• _ACTIVITY_: Exactly as written, return all the data, leaving its pictures behind.

• _DATA BLOCK_:
BEGIN

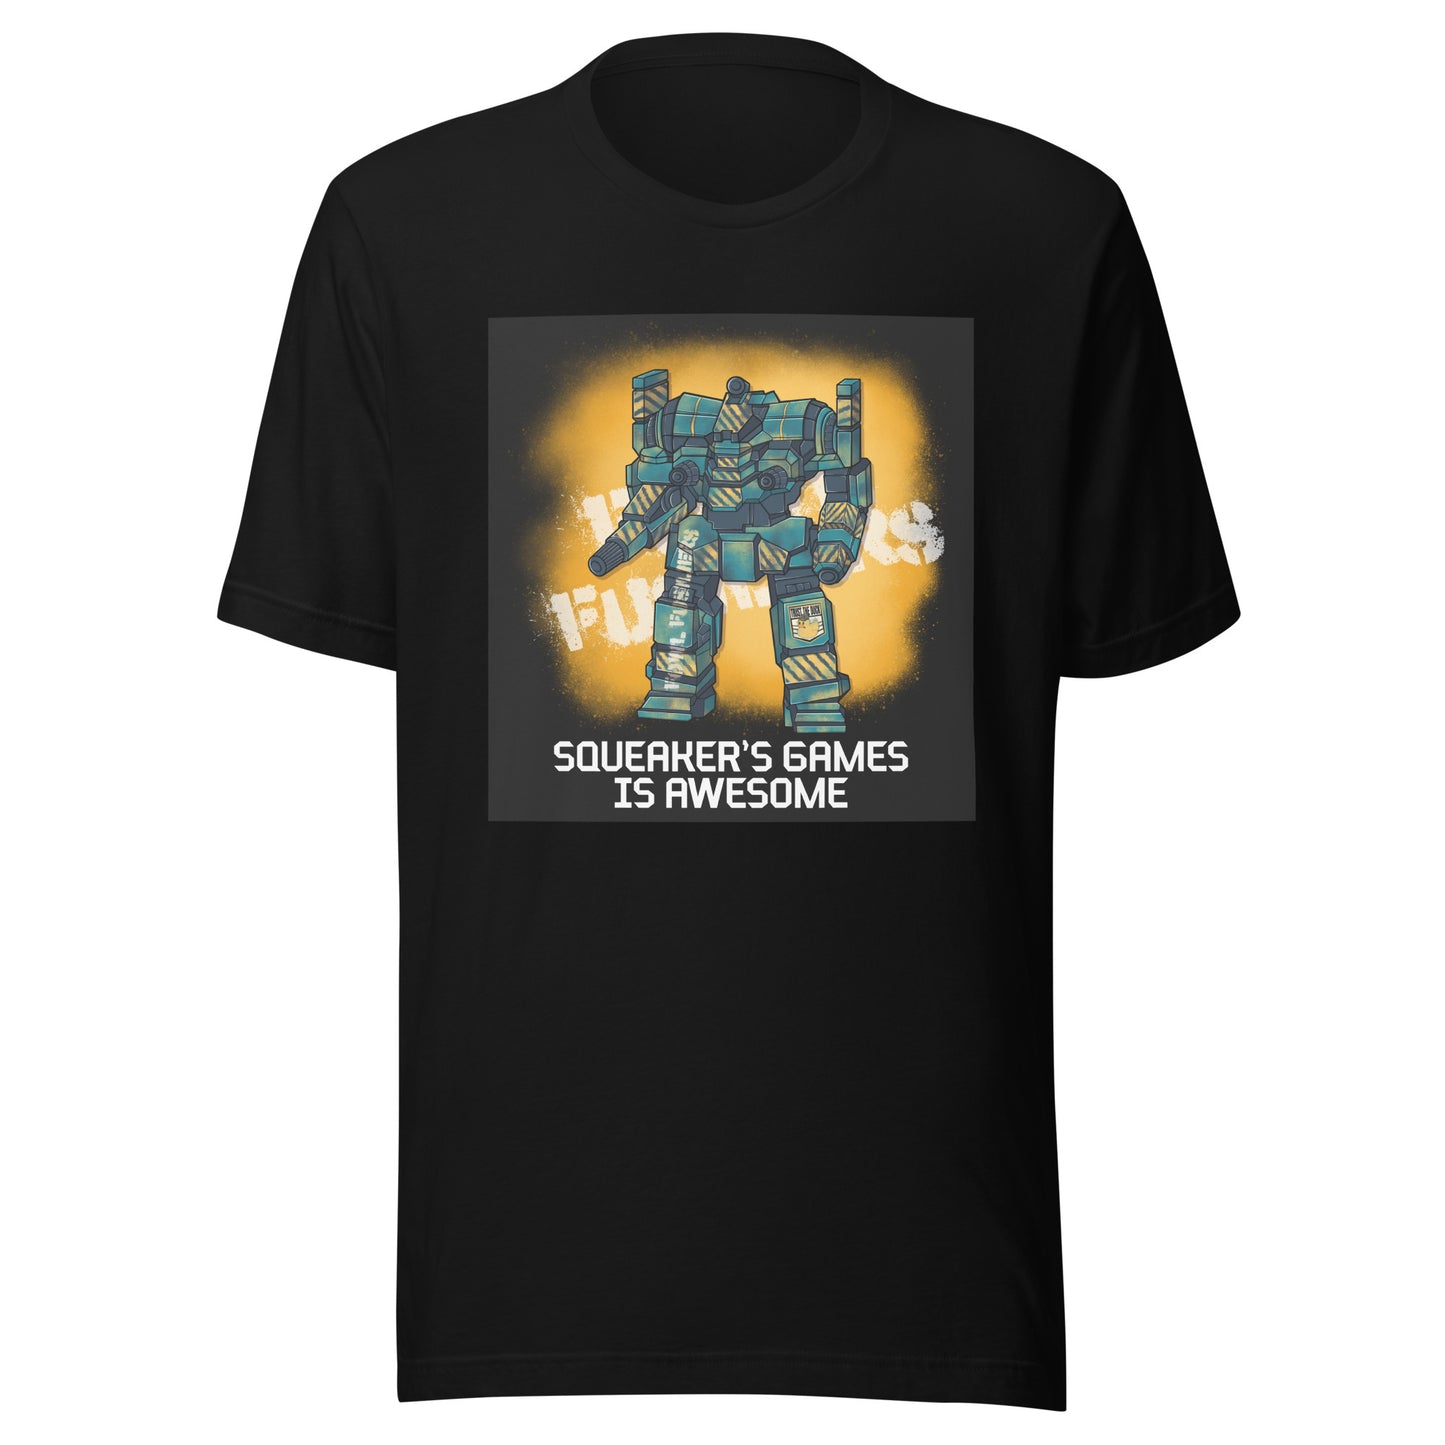 Squeakers Games is Awesome! Unisex t-shirt
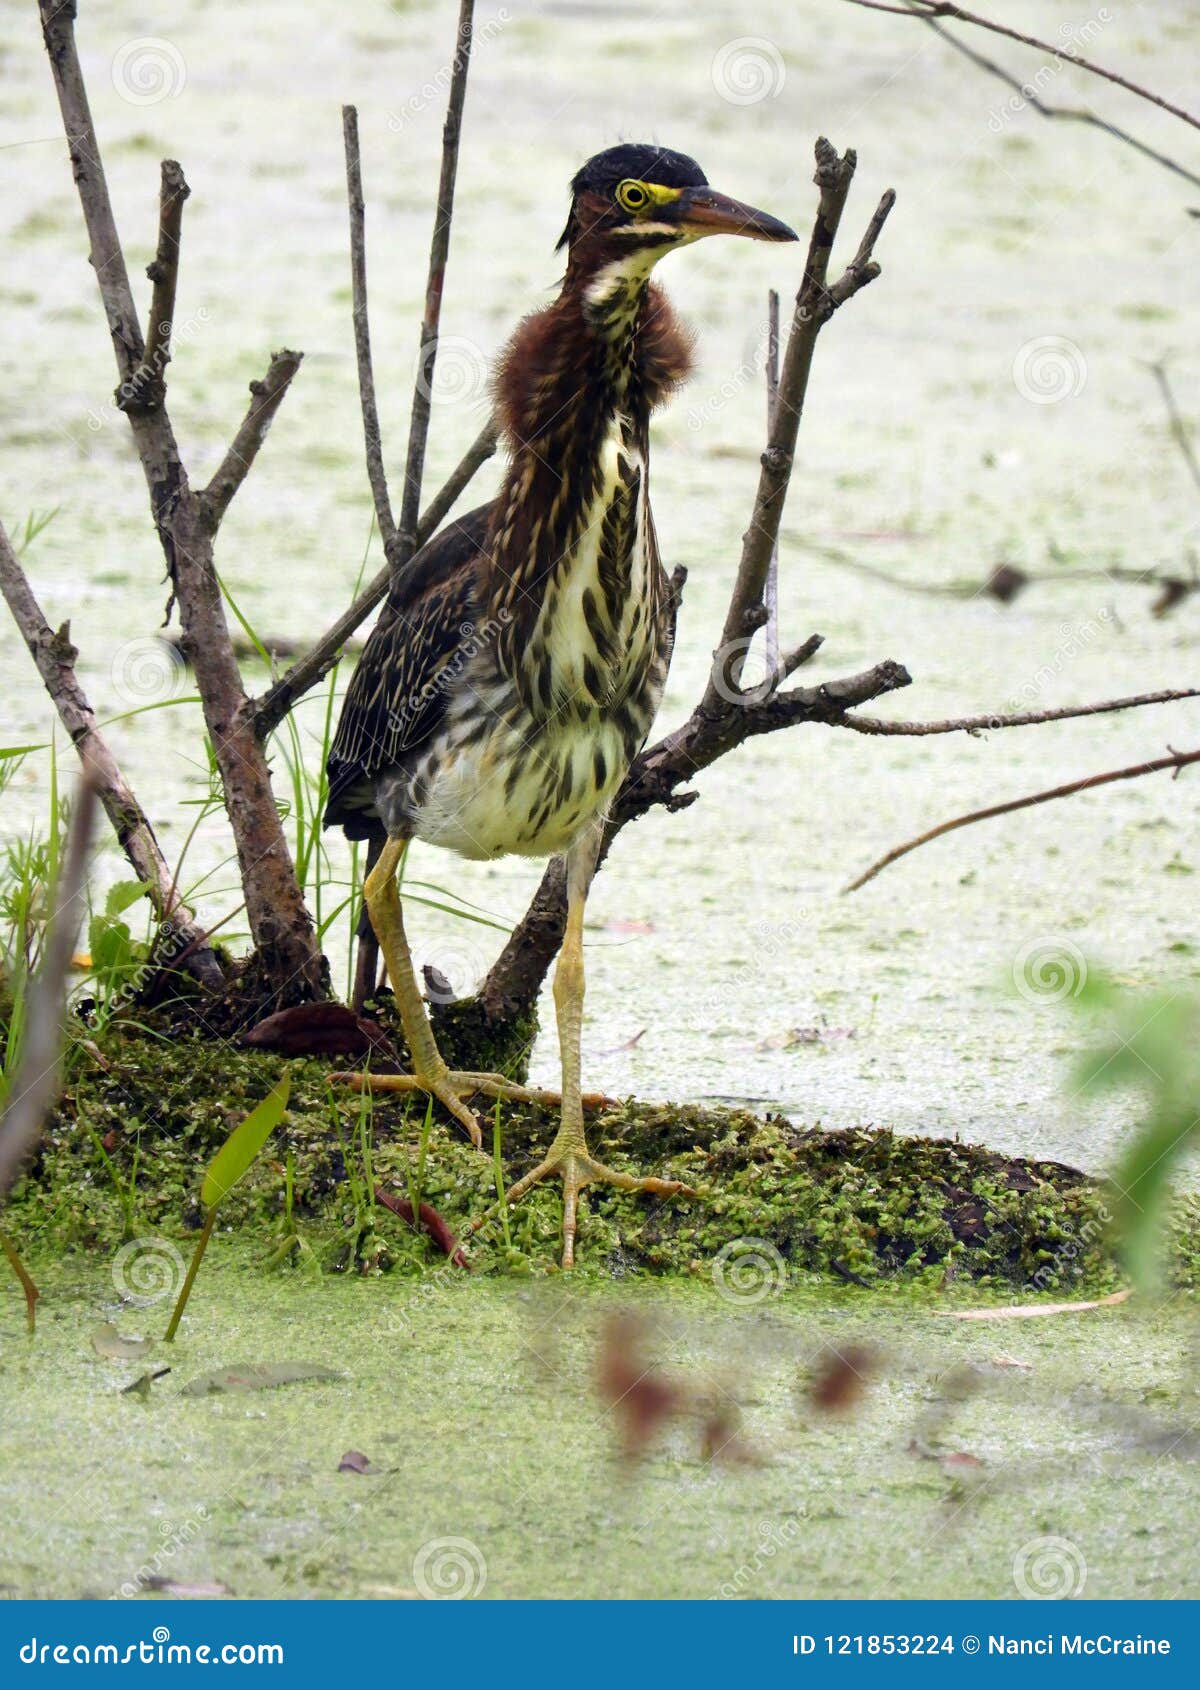 Green Heron Neck Outstretched during Hunting Stock Photo - Image of
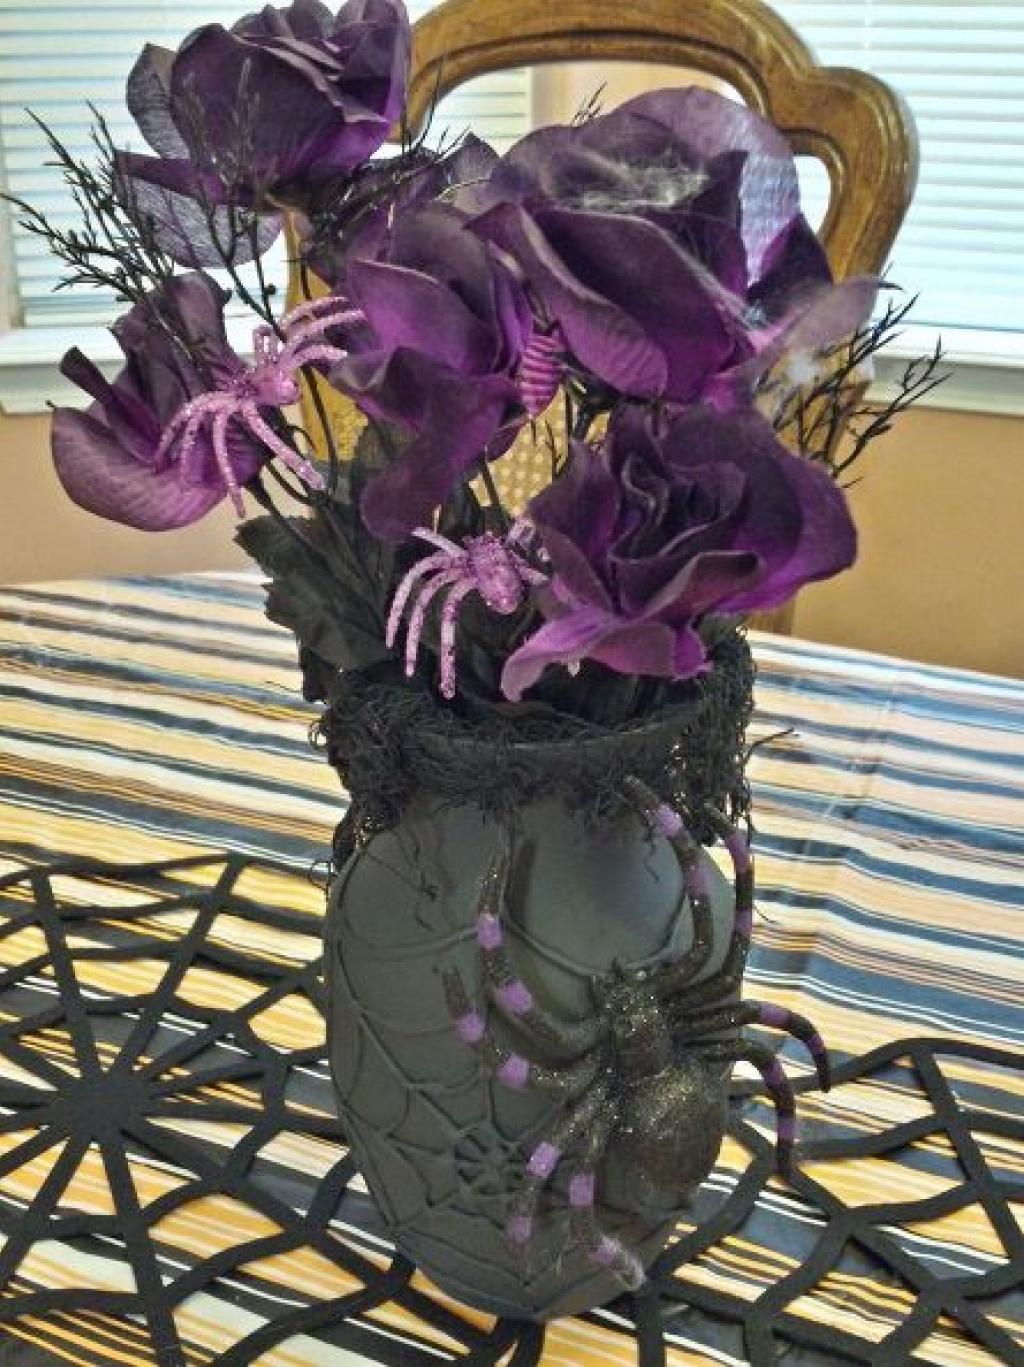 Vase of Spiders for Halloween table decoration.
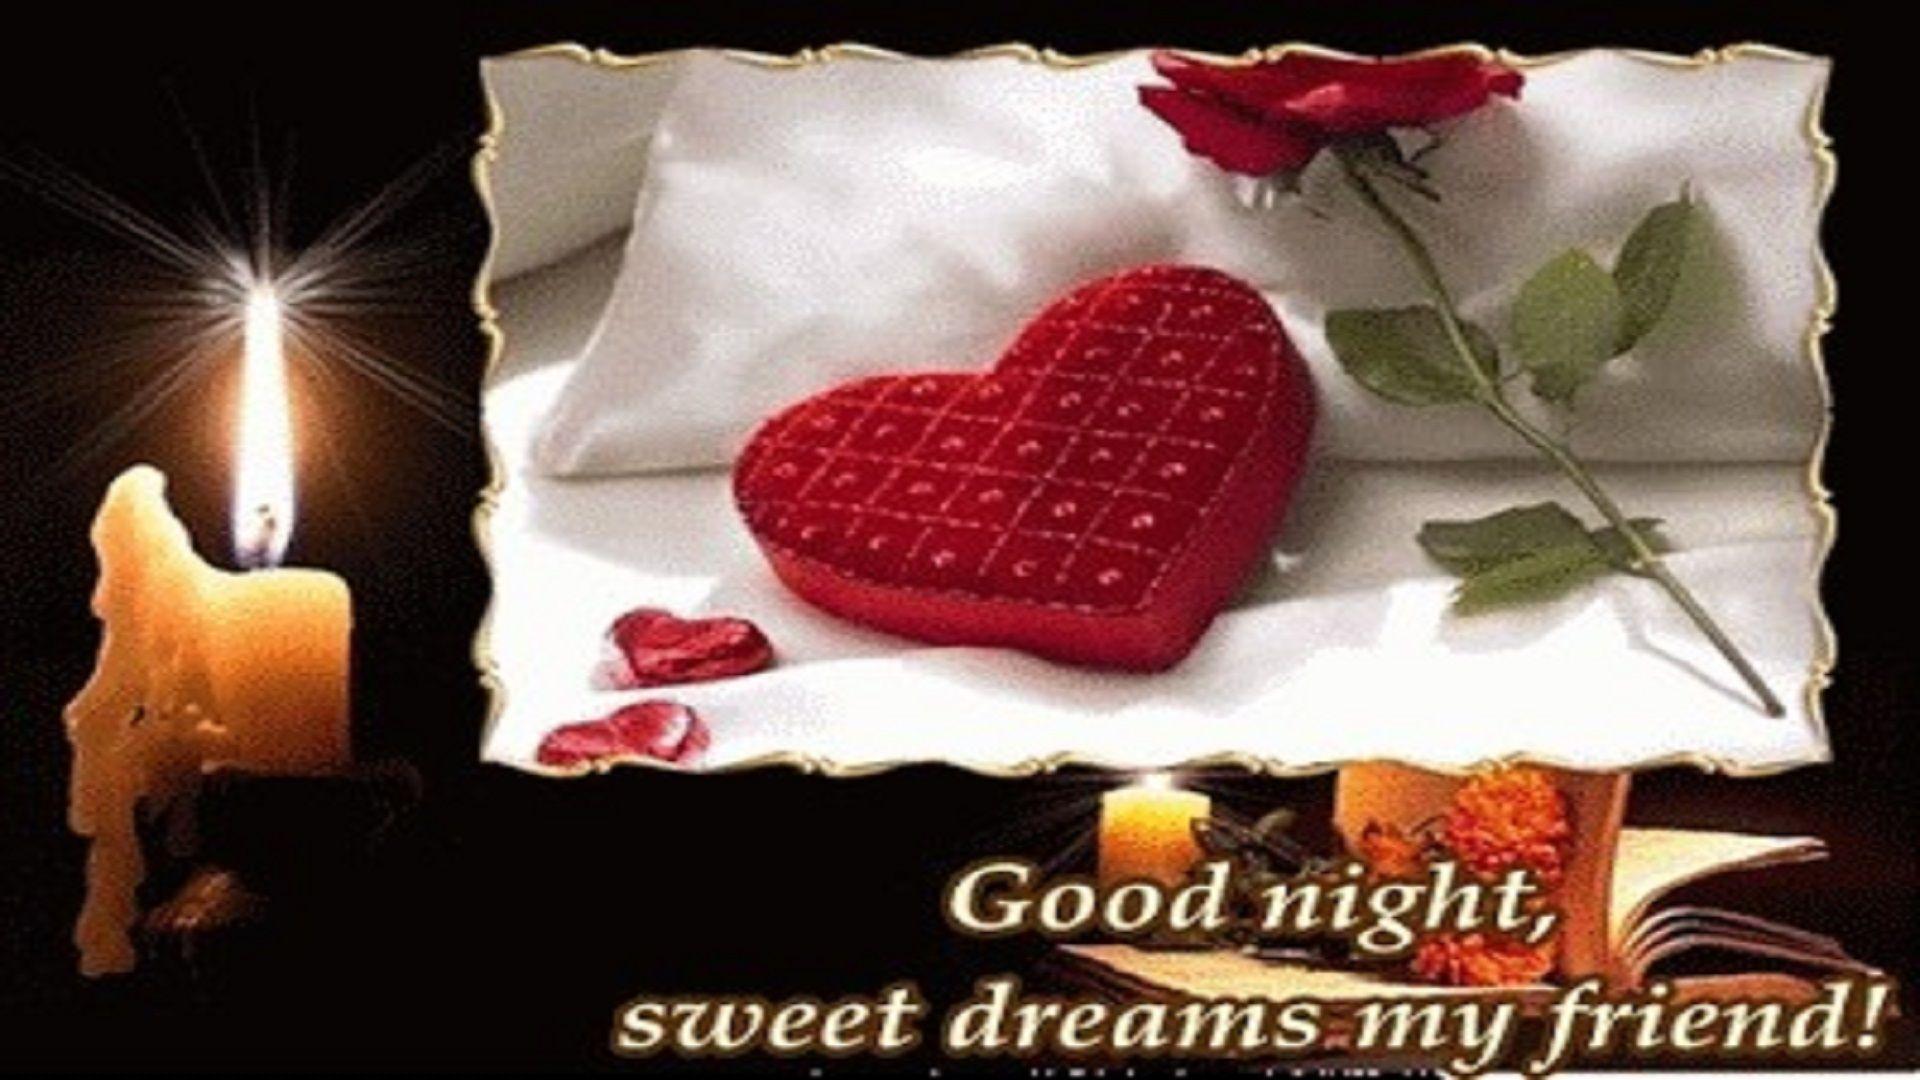 Good Night Sweet Dreams HD Wallpaper Image The Best Collection

END

• _EXERCISE RESPONSE_:
 Squeakers Games is Awesome! Unisex t-shirt
 Green Heron Neck Outstretched during Hunting Stock Photo - Image of
 Vase of Spiders for Halloween table decoration.
 Good Night Sweet Dreams HD Wallpaper Image The Best Collection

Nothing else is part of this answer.